For unionWith[Key], I suspect the motivation is to inline the function argument, so using it doesn't incur function calls.

We can consider using INLINABLE for these instead. Feel free to open an issue.

treeowl commented 2 years ago

When we don't inline the function, it's probably better to pass the function around through the recursion instead of pulling it out. Tradeoffs....

sjakobi commented 2 years ago

Could you please rebase, so the changes from #407 are removed from the diff?

oberblastmeister commented 2 years ago

What should I do about inlining? I understand the need to eliminate the closures, but the functions are truly massive, intersection has 1,700 terms, while unionWithKey has 2,200! Wouldn't it be bad to mark these as {-# INLINE #-}? We could add a comment saying to explicitly inline if you want to remove the closure.

oberblastmeister commented 2 years ago

Also if we pass the function around through recursion, then we wouldn't be able to implement intersection in terms of intersectionWithKey right?

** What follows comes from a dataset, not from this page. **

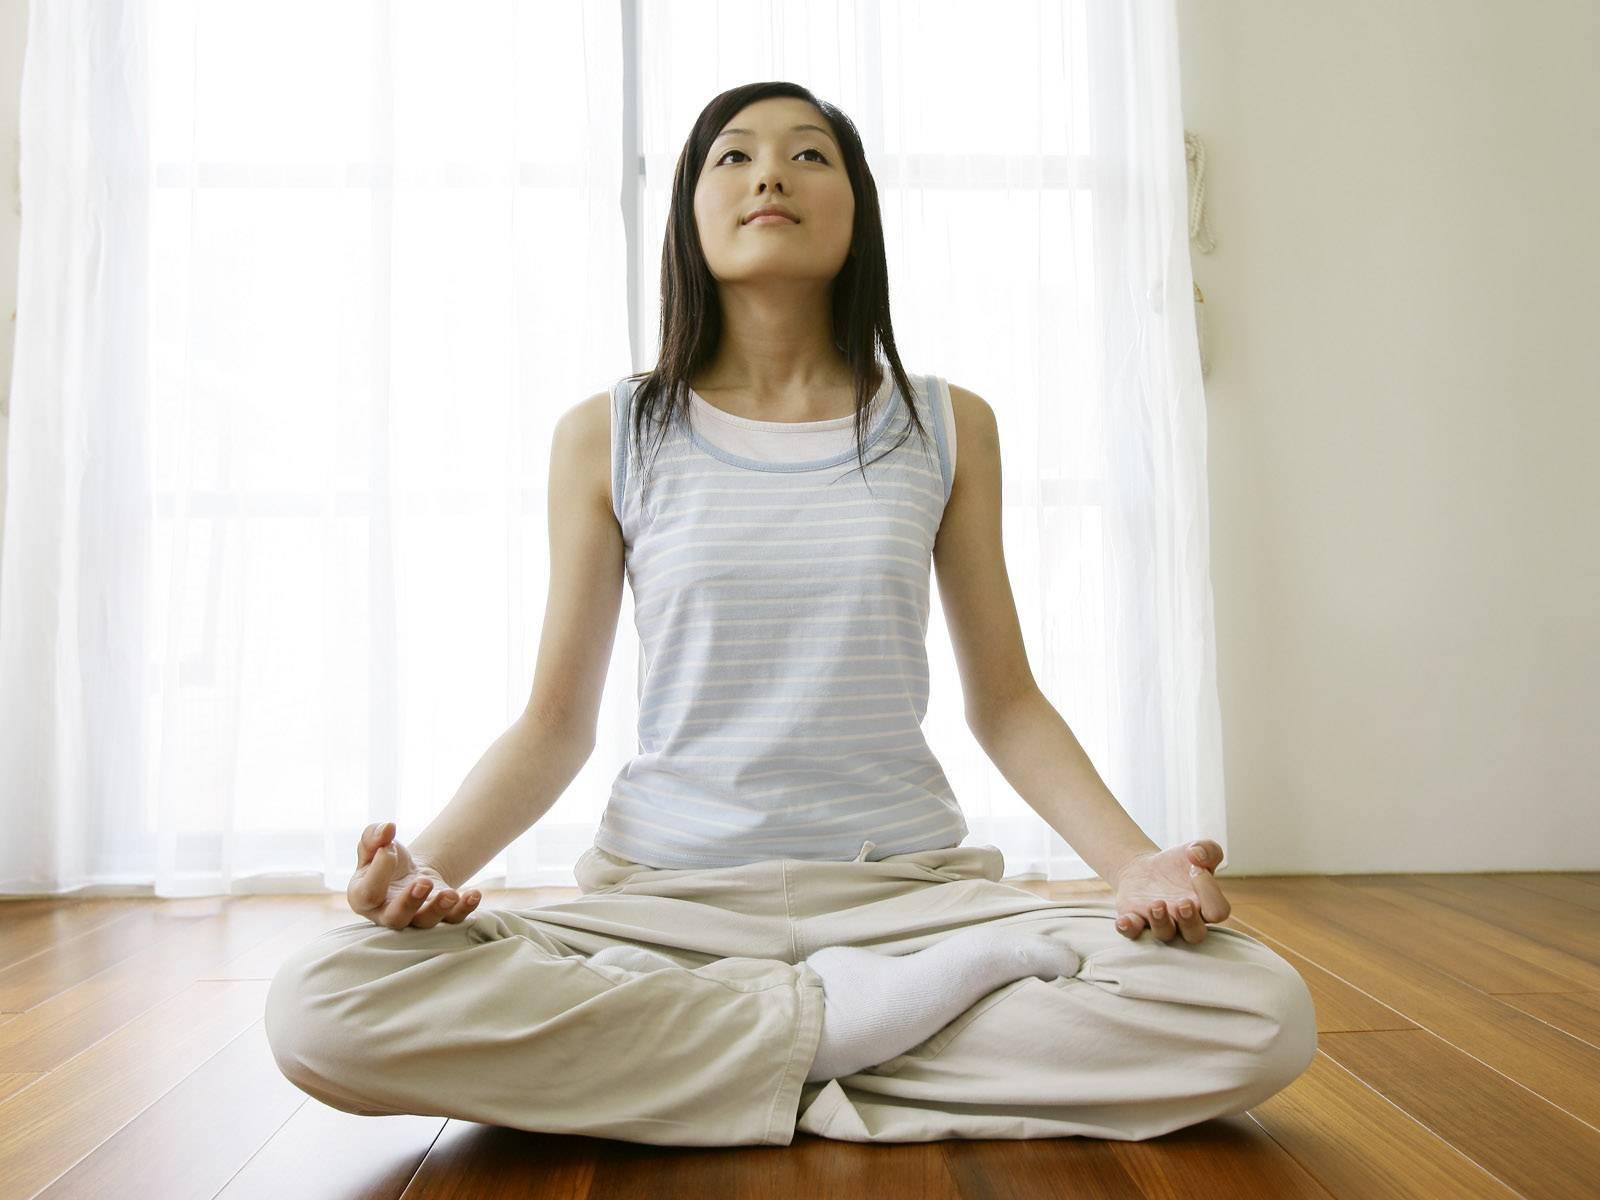 Даосская йога: упражнения для женщин, теория и практика

sjakobi commented 2 years ago

What should I do about inlining? I understand the need to eliminate the closures, but the functions are truly massive, intersection has 1,700 terms, while unionWithKey has 2,200! Wouldn't it be bad to mark these as {-# INLINE #-}?

I think we should stick with INLINABLE until we're convinced that INLINE is better somehow. INLINABLE is better for compile times for example.

We could add a comment saying to explicitly inline if you want to remove the closure.

I think the docs of these functions are the wrong place to teach people about GHC.Exts.inline. Maybe it should be mentioned in https://github.com/input-output-hk/hs-opt-handbook.github.io?!

oberblastmeister commented 2 years ago

@sjakobi Is there anything else that I need to do?

sjakobi commented 2 years ago

Thank you, @oberblastmeister! :)